Running Evaluation through TensorRT Engine#

Same spec file as TAO evaluation spec file.

Use the following command to run TF2 EfficientDet engine evaluation:

tao deploy efficientdet_tf2 evaluate -e /path/to/spec.yaml

Required Arguments#

  • -e, --experiment_spec: The experiment spec file for evaluation. This should be the same as the tao evaluate specification file.

Optional Arguments#

  • -h, --help: Show this help message and exit.

  • results_dir: A global result directory where the experiment outputs and log would be written under <task> subdirectory.

Sample Usage#

Here’s an example of using the evaluate command to run evaluation with the TensorRT engine:

tao deploy efficientdet_tf2 evaluate -e $DEFAULT_SPEC
           evaluate.trt_engine=$ENGINE_FILE \
           evaluate.results_dir=$RESULTS_DIR

Running Inference through TensorRT Engine#

Same spec file as TAO inference spec file.

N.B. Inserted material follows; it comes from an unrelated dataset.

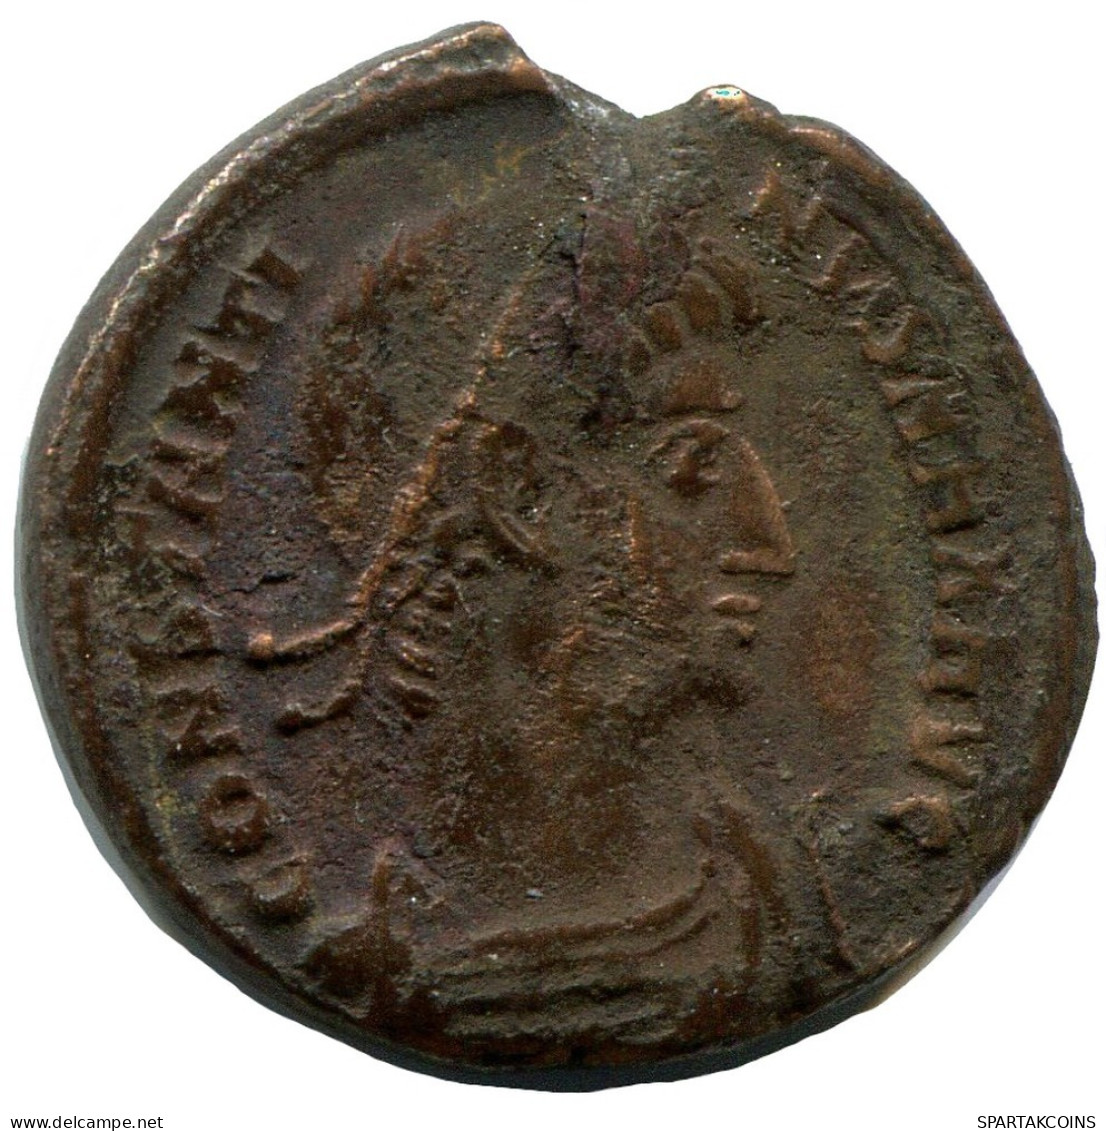 CONSTANTINE I MINTED IN NICOMEDIA FROM THE ROYAL ONTARIO MUSEUM #ANC10895.14.F.A - El Imperio Christiano (307 / 363)

Use the following command to run TF2 EfficientDet engine inference:

tao deploy efficientdet_tf2 inference -e /path/to/spec.yaml \
           inference.trt_engine=/path/to/engine/file \
           inference.results_dir=/path/to/outputs

Required Arguments#

  • -e, --experiment_spec: The experiment spec file for inference. This should be the same as the tao inference specification file.

Optional Arguments#

  • -h, --help: Show this help message and exit.

  • results_dir: A global result directory where the experiment outputs and log would be written under <task> subdirectory.

Sample Usage#

Here’s an example of using the inference command to run inference with the TensorRT engine:

tao deploy efficientdet_tf2 inference -e $DEFAULT_SPEC
           inference.trt_engine=$ENGINE_FILE \
           inference.results_dir=$RESULTS_DIR

The visualization will be stored under $RESULTS_DIR/images_annotated and KITTI format predictions will be stored under $RESULTS_DIR/labels.